My rheumatologist did an ultrasound scan on my hands and wrists today. I was really worried about this procedure, as it’s been a whole year since the last scan and it feels (physically, at least) as if my body has gone downhill because of rheumatoid disease. Unexpectedly, inflammation levels have decreased markedly and the bone erosions seem to have stabilised. She’s going to prepare a detailed report but objectively, from what flashed up on the monitor, there has been an improvement in my joints.
So why did I get teary when I saw this? Because the results on the screen don’t match how I feel. Don’t get me wrong, I’m over the moon that Enbrel seems to have slowed down the disease. It’s just that it doesn’t make sense that the results show an improvement on last year, and yet I feel worse. My shoulders, elbows, knees and hips all ache continuously whereas last year it was confined to my knees and hips. Energy levels are still zero and my limbs feel heavy, almost as if they’re being held down by weights when I try to get up or move around. An added complication is that I already had Ehlers-Danlos Syndrome (Hypermobility) when I was diagnosed with RD/RA four years ago. My rheumatologist said that it looked like EDS could be affecting me more than RD/RA at the moment. I’m not totally convinced but nowadays it is virtually impossible for me to separate EDS symptoms from those of RD/RA.
The next step is an MRI on my hips which will give a fuller picture. I’m going to continue with the Enbrel (twice weekly injections), Vitamin D (1,000 International Units daily) and Risedronate Sodium/Actonel for osteoporosis (once weekly) for now, and will have another ultrasound scan in 6 months’ time.

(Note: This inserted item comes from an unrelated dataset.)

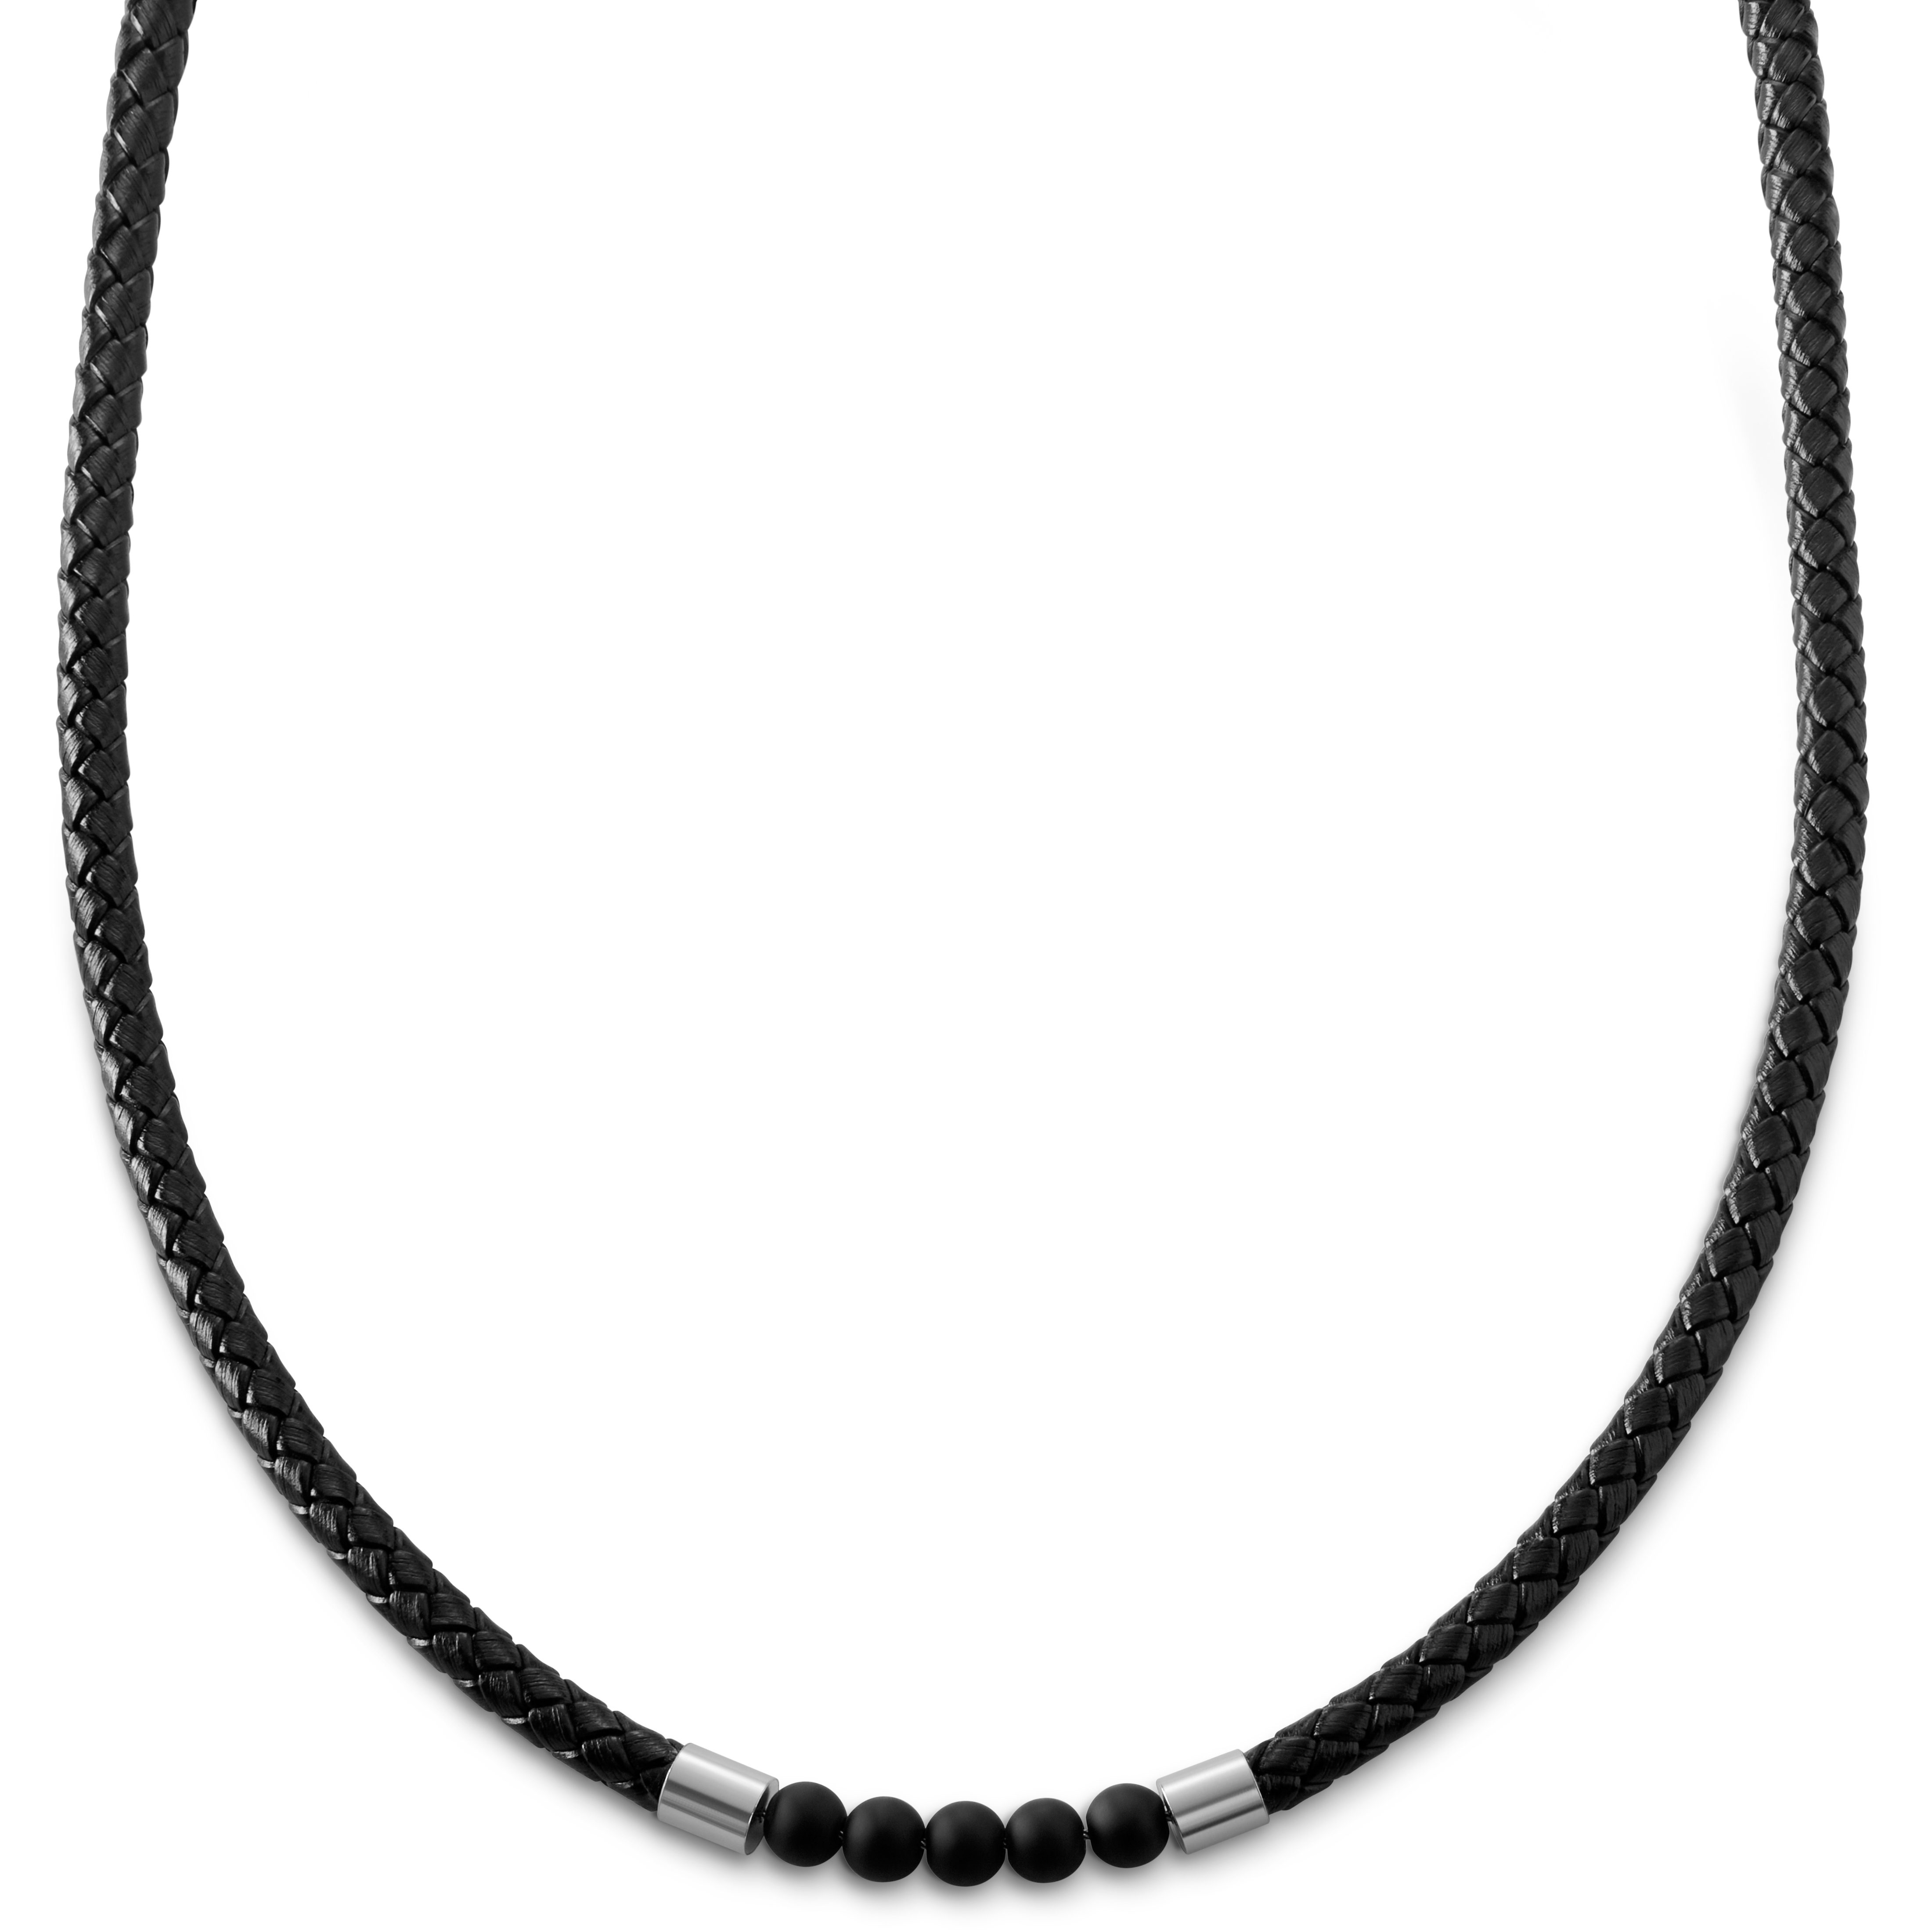 Black Stainless Steel Rope Chain Necklace Chn9704 | Wholesale Jewelry  Website

I’m feeling cautiously optimistic about the future. I recognise that I’m impatient to reach drug-induced remission. I need to be realistic and acknowledge that managing my RD/RA effectively may be the best I’ll get, but that won’t stop me being optimistic about getting to remission. I’m happy that I seem to be getting better and would like the chronic pain, fatigue and brain fog to lift magically. That’s what I thought would happen with the Enbrel, as I know it has with other people. Having said that, comparing myself to myself (rather than others) is essential, because RD/RA affects individuals so differently. Enbrel is making a difference slowly, so it’s time to celebrate this good news and keep moving forward.